● **PROBLEM**:
Pictures are to be omitted; everything else in the data must be transcribed exactly.

● **INFORMATION SUPPLIED**:
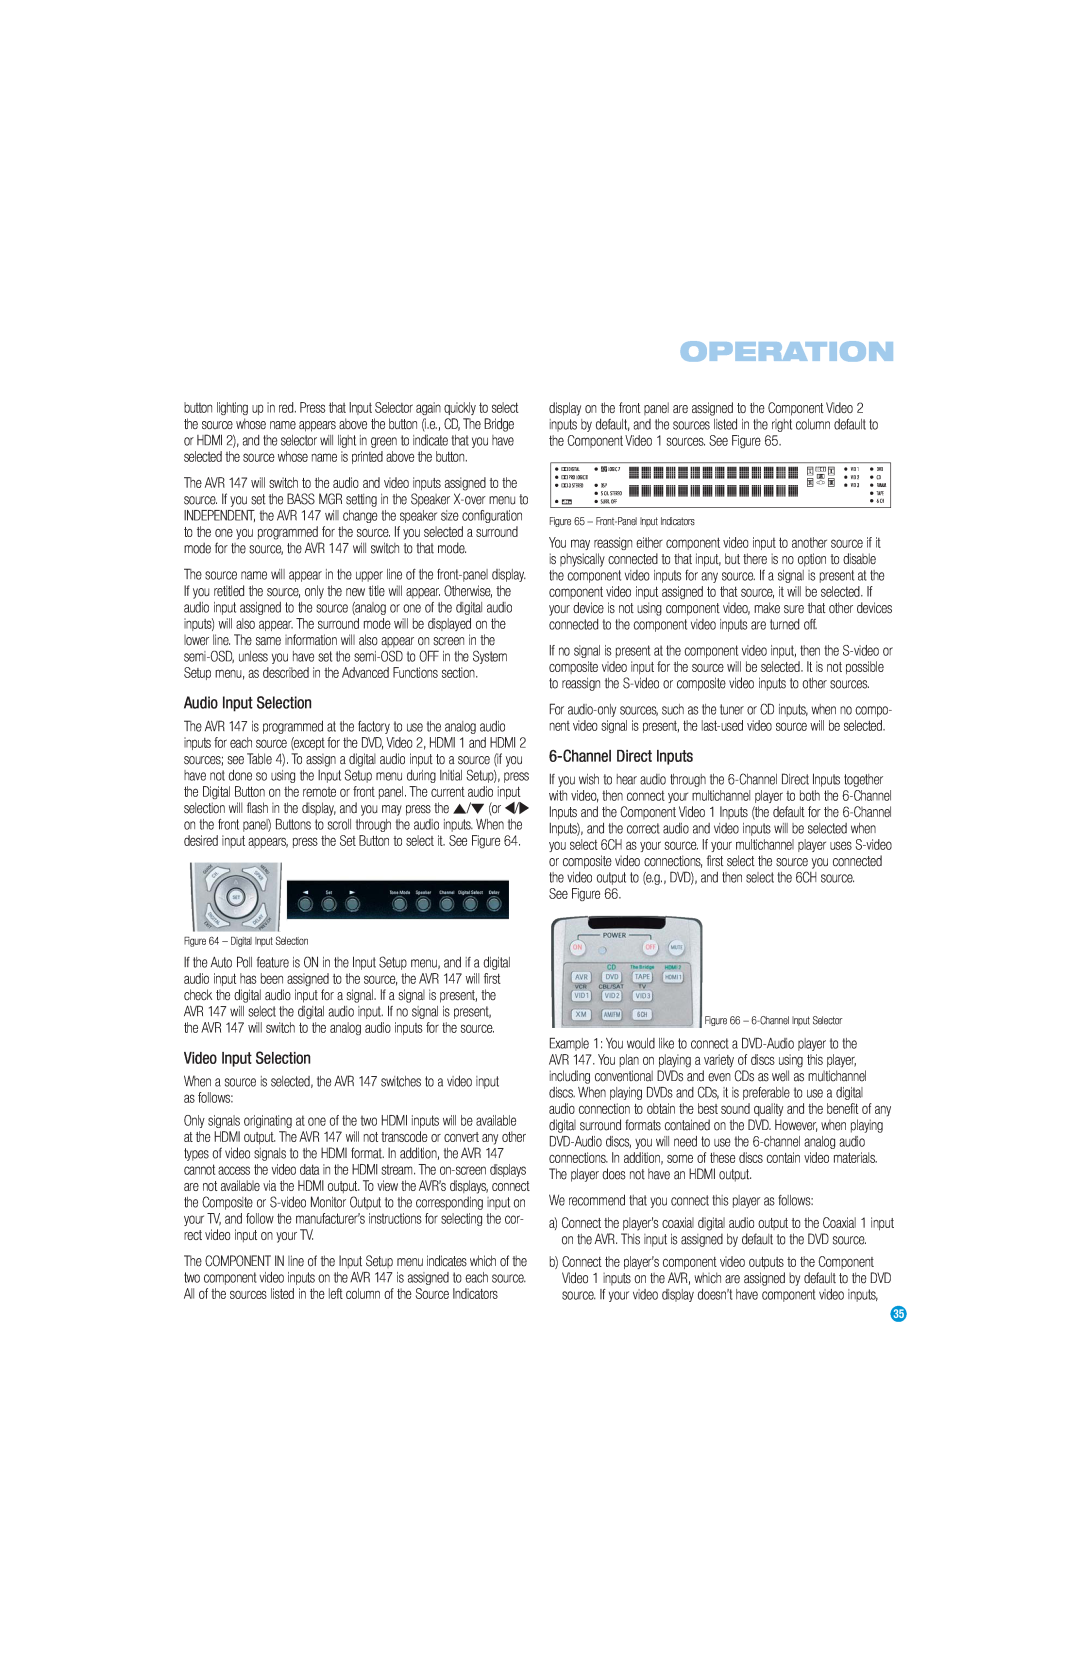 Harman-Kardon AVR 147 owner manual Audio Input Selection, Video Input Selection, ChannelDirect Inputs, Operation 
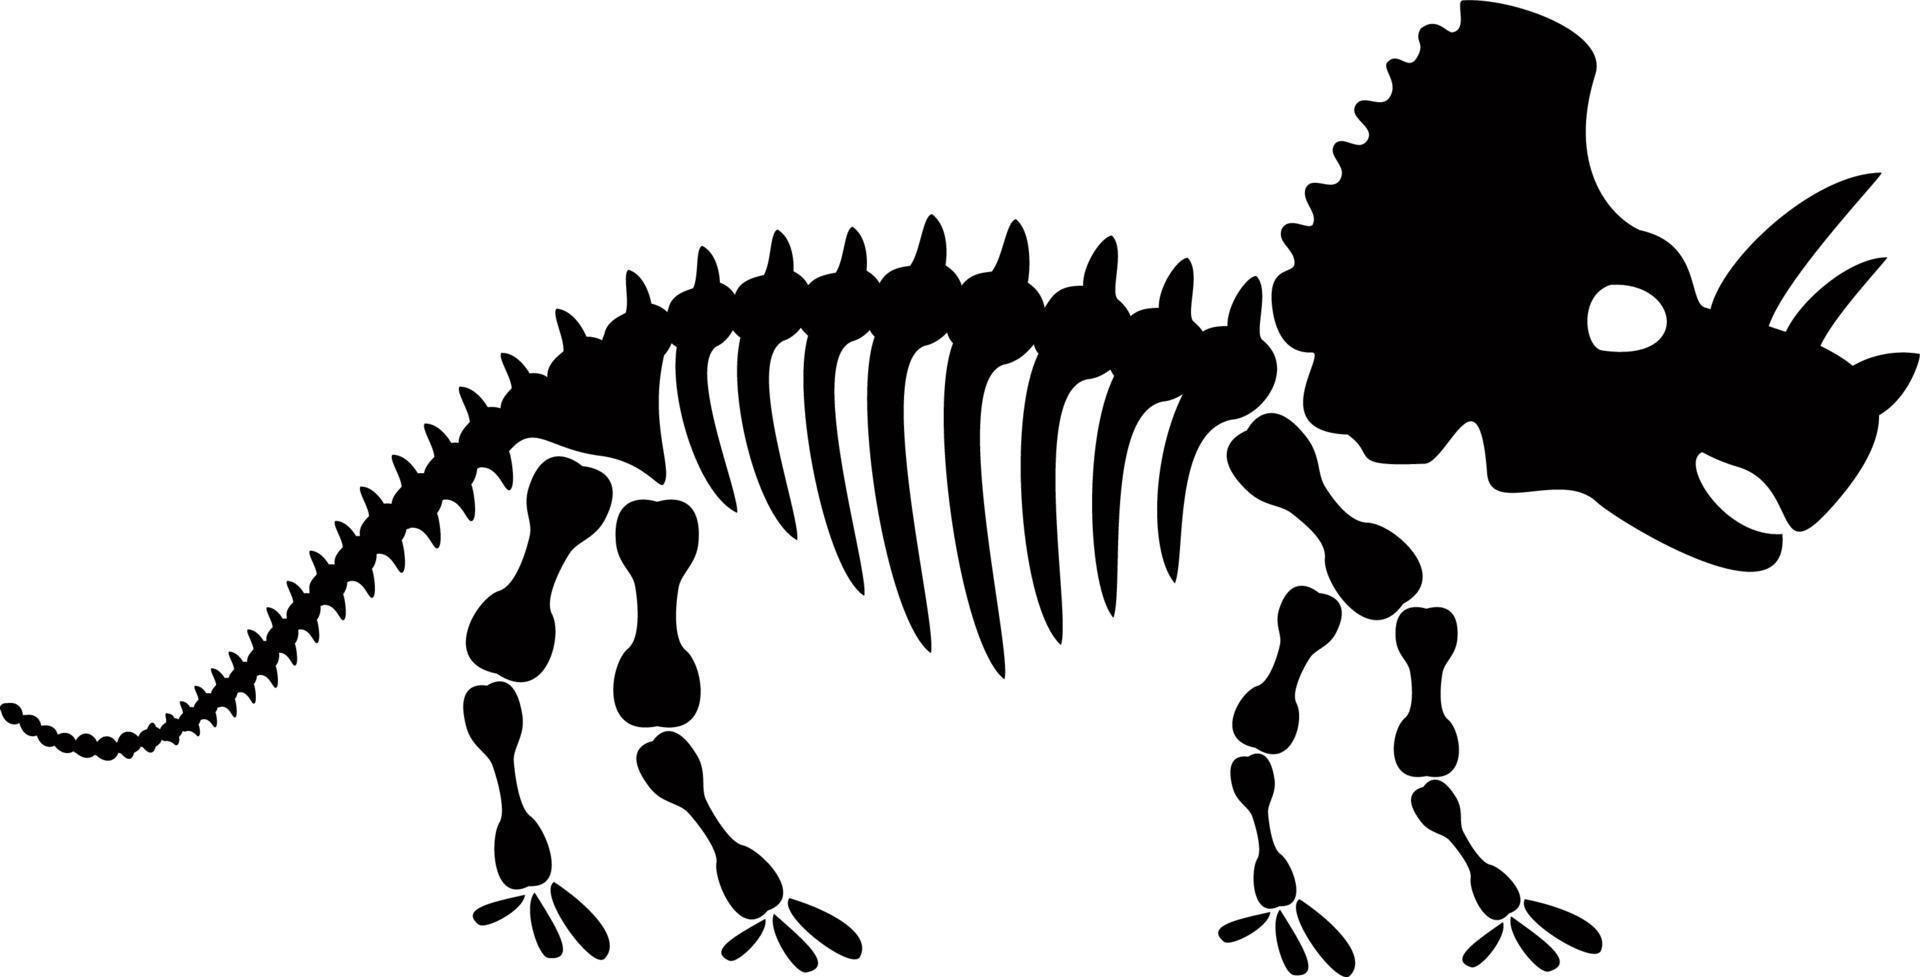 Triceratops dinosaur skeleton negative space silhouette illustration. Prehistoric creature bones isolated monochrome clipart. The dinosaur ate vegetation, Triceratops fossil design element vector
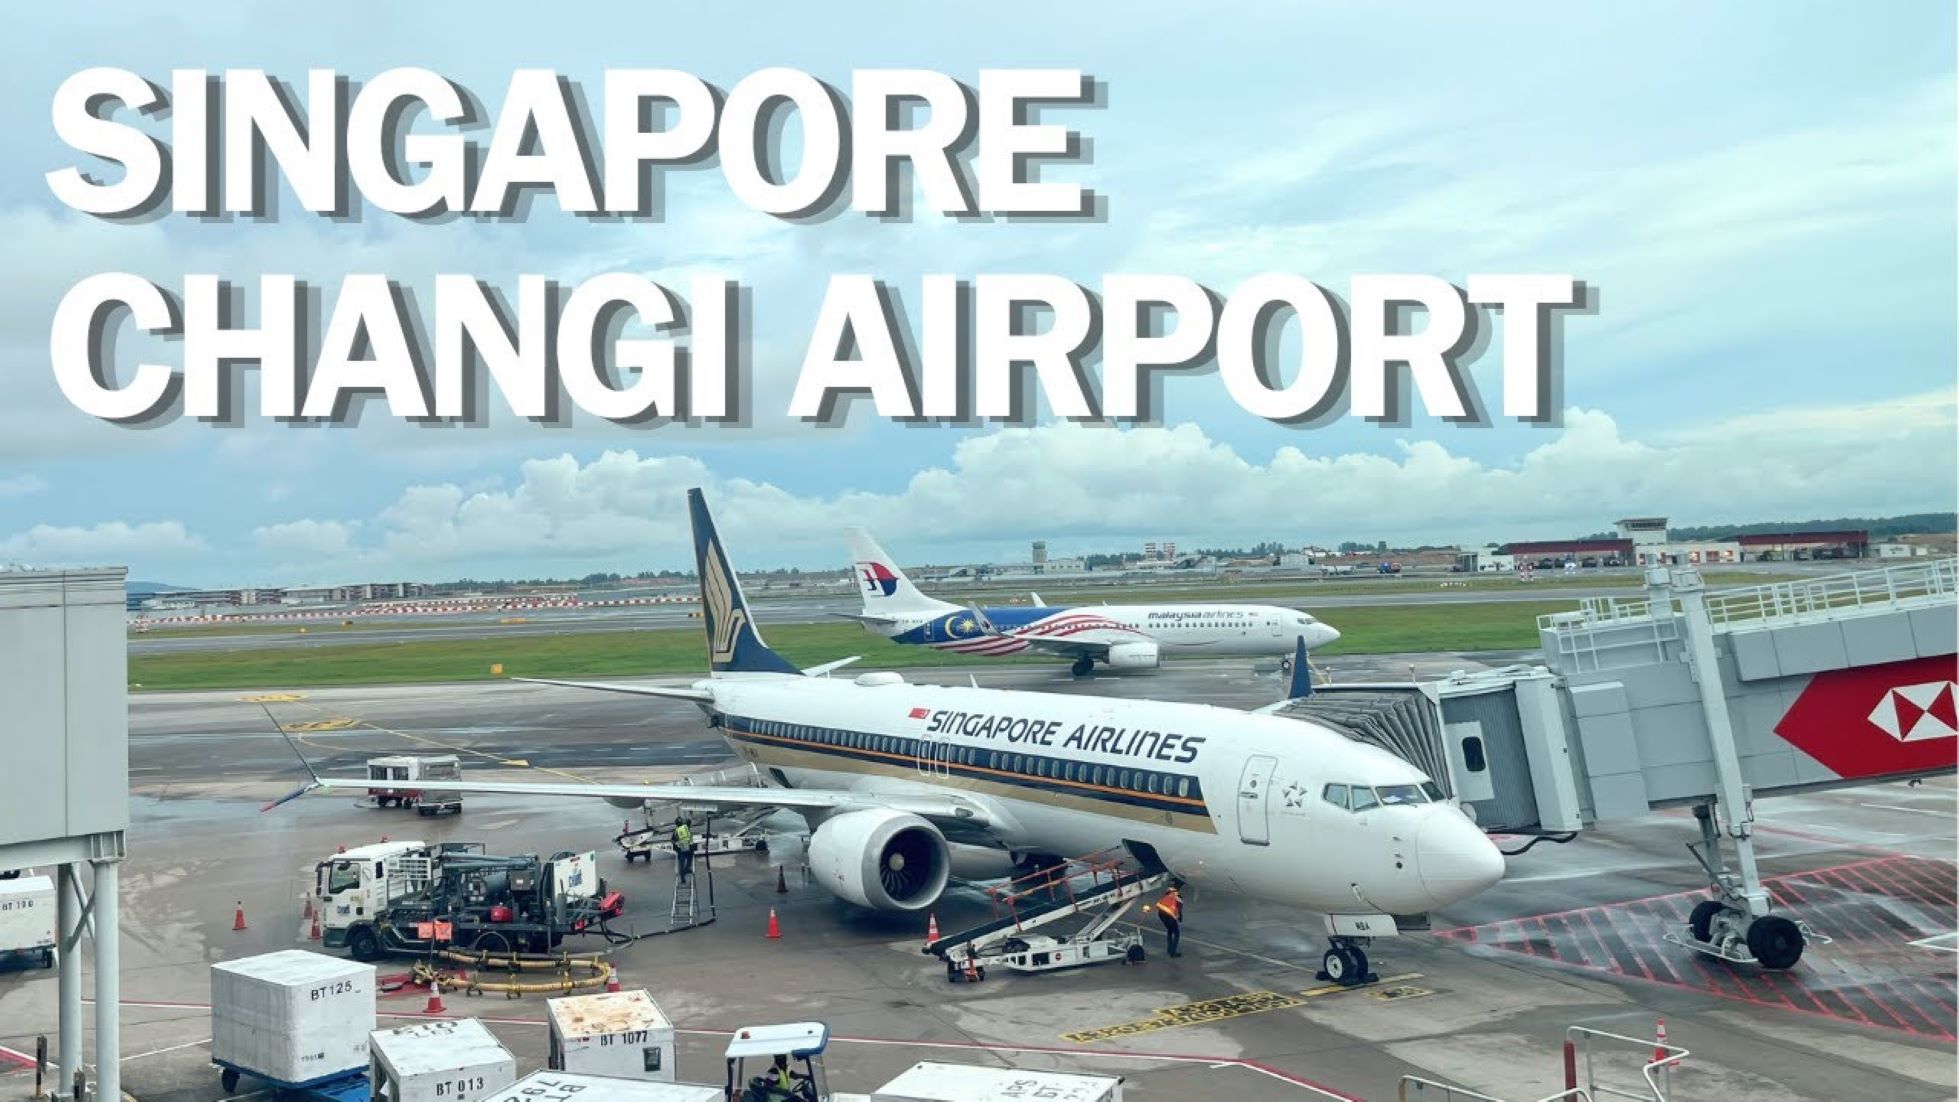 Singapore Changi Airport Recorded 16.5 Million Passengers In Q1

● **ANSWER TO THIS TASK**:
 Harman-Kardon AVR 147 owner manual Audio Input Selection, Video Input Selection, ChannelDirect Inputs, Operation 
 Triceratops dinosaur skeleton negative space silhouette illustration. Prehistoric creature bones isolated monochrome clipart. The dinosaur ate vegetation, Triceratops fossil design element vector
 Singapore Changi Airport Recorded 16.5 Million Passengers In Q1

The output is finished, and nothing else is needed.